Le chantier est vaste, ainsi que le rappelait Pierre Galand pour sa dernière présidence de l’AG de la FHE : le projet européen est en danger, d’abord à cause du Brexit mais surtout à cause de la marée populiste dans certains pays européens, une émergence accentuée par l’élection de Donald Trump aux Etats-Unis. Nos valeurs les plus chères sont menacées : la solidarité avec les plus vulnérables, les droits des minorités, l’intégrité du corps des femmes, la justice sociale, etc.

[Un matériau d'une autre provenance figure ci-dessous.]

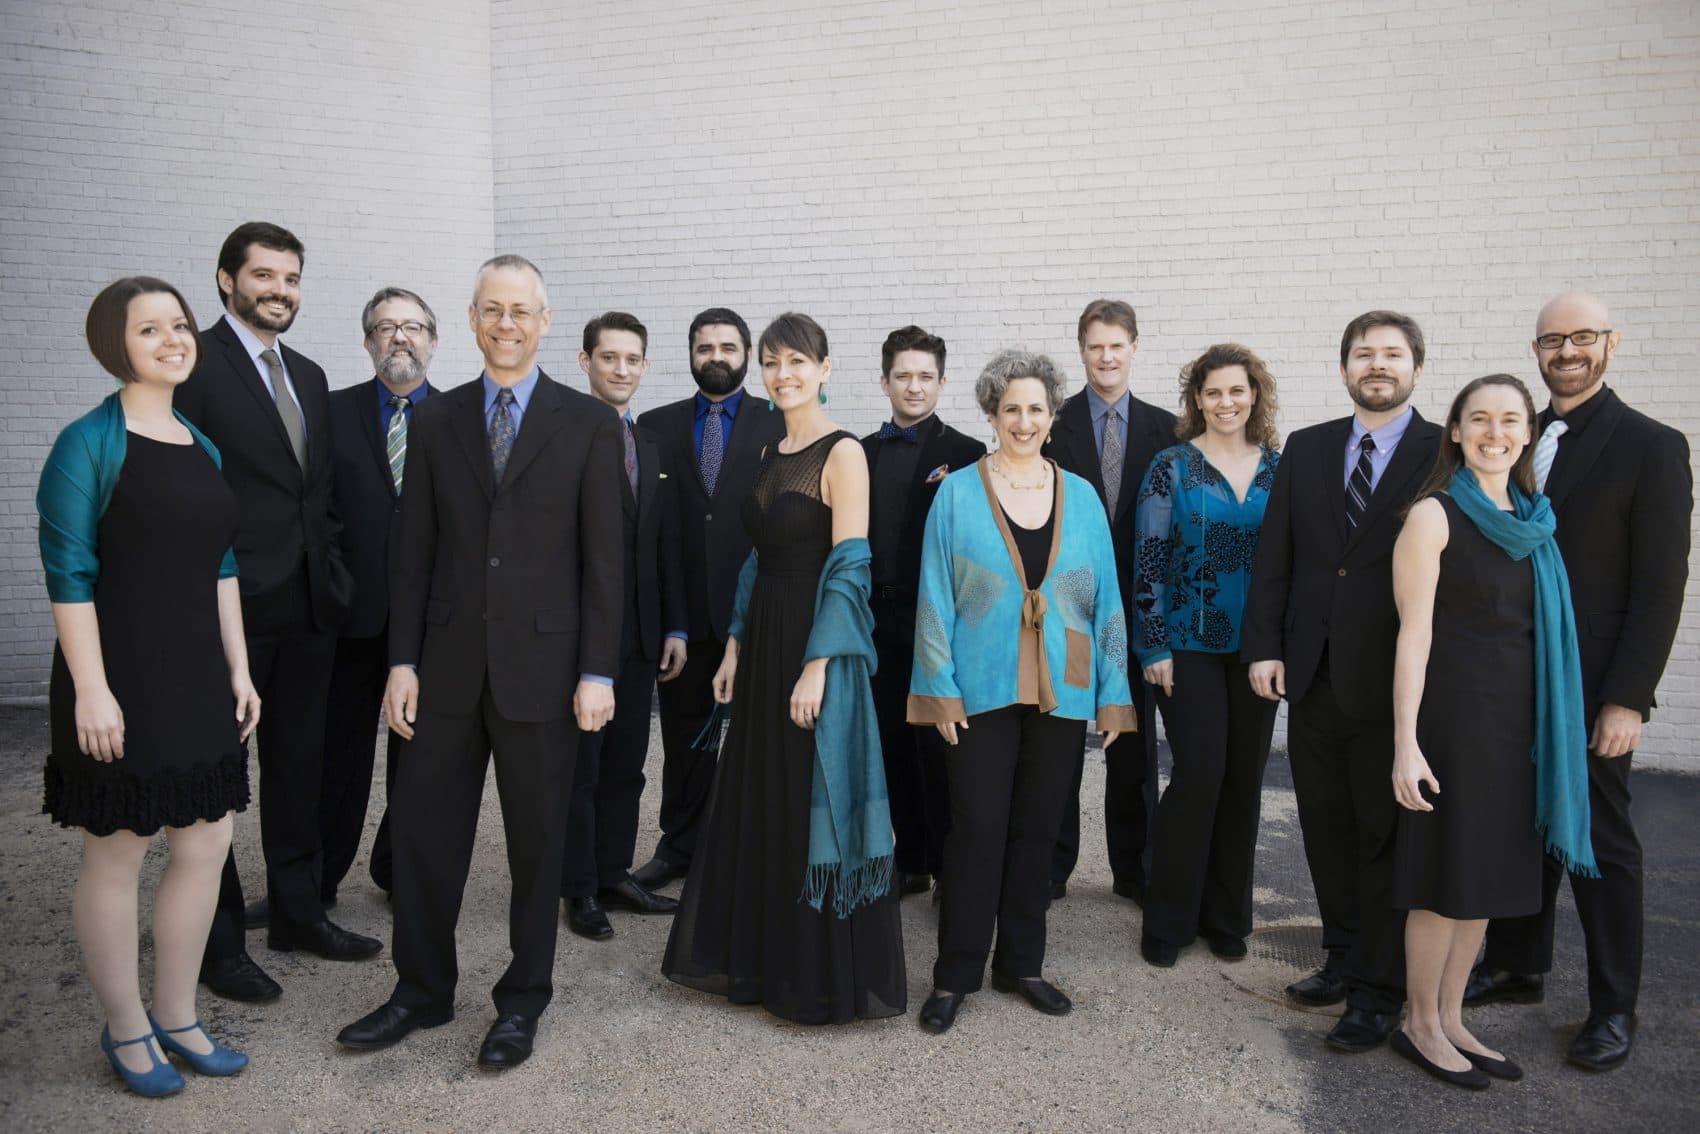 The Blue Heron ensemble. (Courtesy Liz Linder)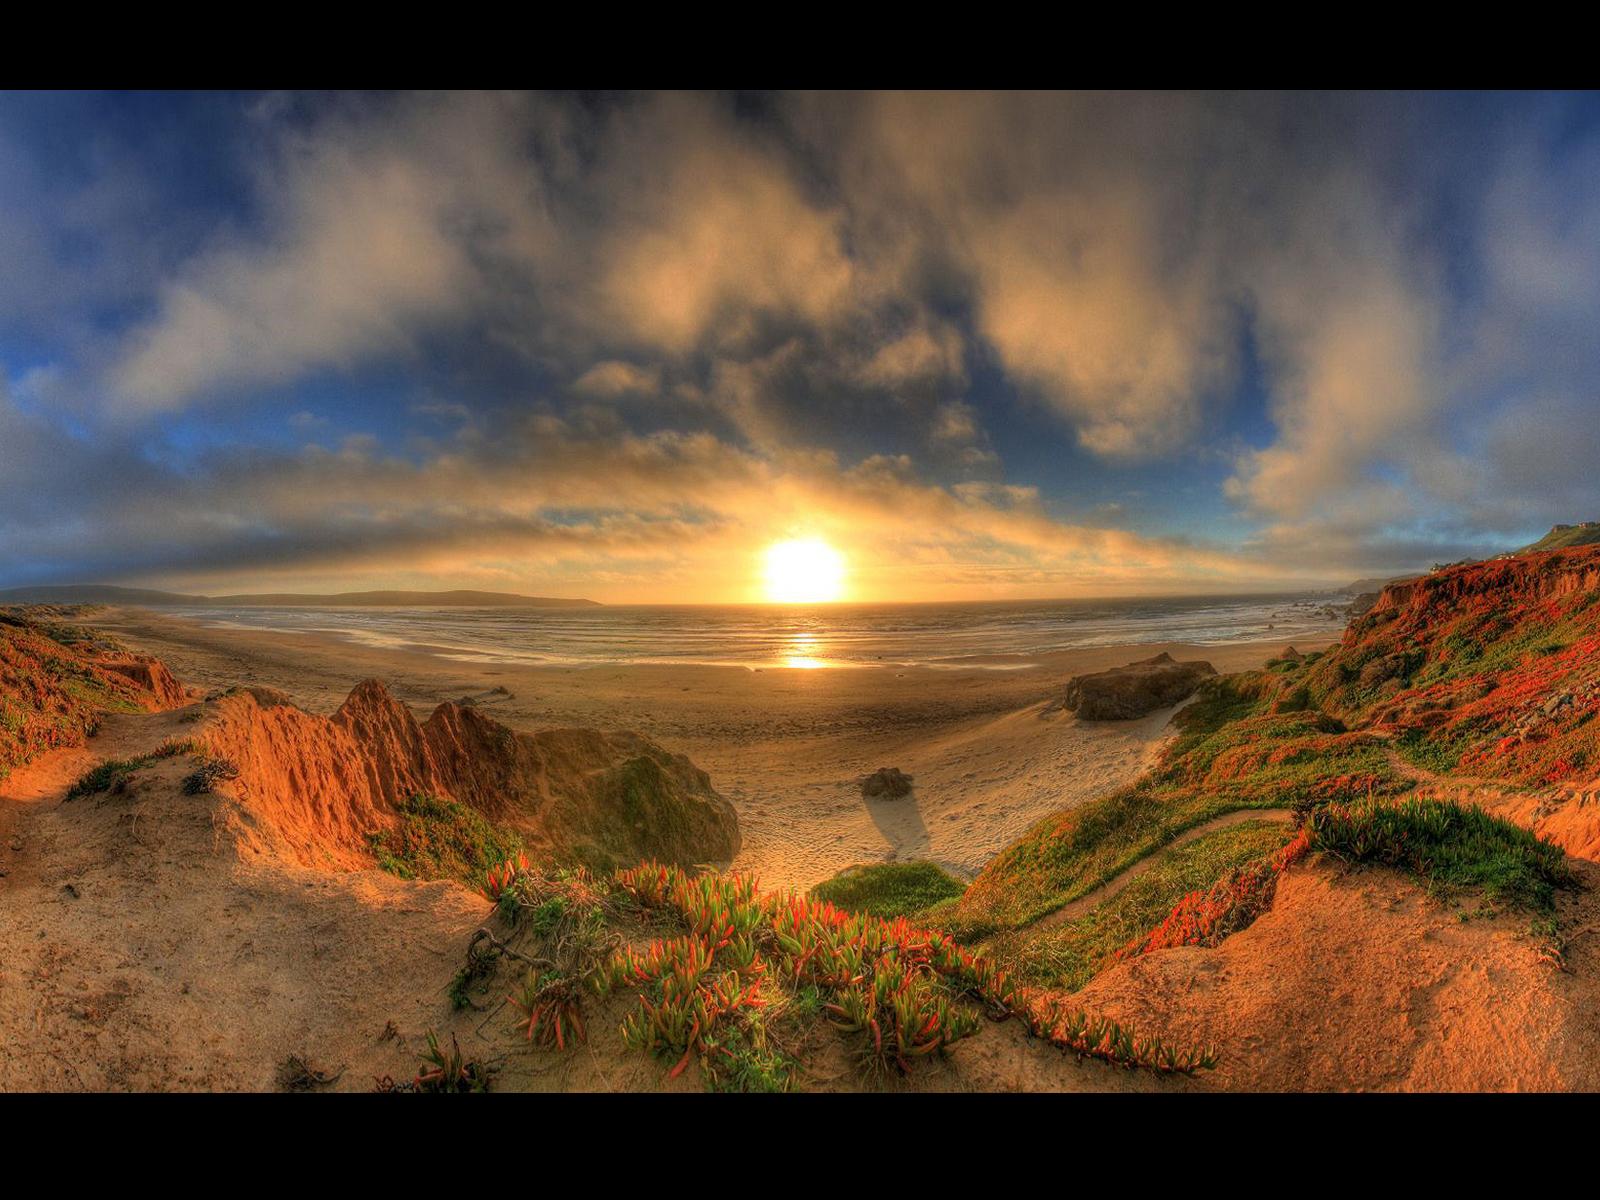 http://3.bp.blogspot.com/-8Cpv2BflXuk/UDGTkLROGVI/AAAAAAAAMWg/NLTufOl-yEA/s1600/Amazing_Landscapes_HD_Wallpapers_Collection_-48.jpeg

Le deuxième gros problème est l’importance du religieux dans la conduite de la politique européenne : le 24 mars 2017, les chefs d’Etats et de gouvernements européens, réunis pour discuter du futur de l’Europe, ont posé dans la Chapelle Sixtine avec le Pape François après une audience au Vatican. Comme s’ils cherchaient une bénédiction catholique pour l’Europe au lieu d’affirmer la laïcité qui permet de répondre aux attentes de tous. Le poids de l’église catholique est particulièrement visible dans les pays les plus extrémistes de droite comme la Hongrie, la Pologne mais il croise aussi le repli identitaire de mouvements populistes comme en France, en Allemagne, aux Pays-Bas. Peur de l’immigration peur de l’islam radical, injustices sociales, mondialisation ravageuse pour la masse des peuples : le cocktail est détonnant et les instances européennes ne se réveillent que trop tard.

Face à l’ampleur de la déliquescence de l’idéal européen, les associations humanistes tentent vaille que vaille d’épauler les mouvements sociaux et citoyens en informant les citoyens, en interpellant les pouvoirs publics, en diffusant des outils d’éducation permanente : une tâche qui prend du temps face à l’urgence politique et sociale mais essentielle pour alimenter le débat démocratique.  

Informer, dénoncer, lutter contre le politiquement correct, défendre la liberté d’expression, défendre les droits des minorités, retourner aux règles européennes (la Charte européenne des droits de l’Homme notamment) et des Nations Unies : tel est le cap tracé pour les humanistes européens. Pour cela, ils devront travailler sur les politiques opaques de nombre de gouvernements nationaux qui prennent des décisions difficiles pour les populations, en conseils européens, portes closes et viennent ensuite devant leurs propres parlements accuser l’Europe. Parce que leurs origines sont diverses, ils devront intégrer les cultures, les religions et surtout les valeurs partagées, celui des droits humains.  

http://humanistfederation.eu/

Lire : Une révolution des esprits

« Les Lumières radicales sont le système d’idées qui, historiquement, a principalement façonné les valeurs sociales et culturelles les plus fondamentales du monde occidental à l’époque postchrétienne. (…) Mais cette manière de penser est également devenue – dans de nombreux pays d’Asie et d’Afrique et dans la Russie contemporaine notamment – la principale source d’espoir et d’inspiration pour tous les humanistes assaillis et harcelés, pour tous les défenseurs de l’égalité et des droits de l’homme qui, contre des forces bien souvent écrasantes, luttent héroïquement pour les libertés humaines fondamentales et pour la dignité, y compris des femmes, des minorités, des homosexuels et des apostats, face à la résurgence de toutes les formes de bigoterie, d’oppression et de préjugés qui, dans une grande partie du monde actuel, paraissent étendre inexorablement leur empire. »

Jonathan Israel. « Une révolution des esprits ». Ed. Agone.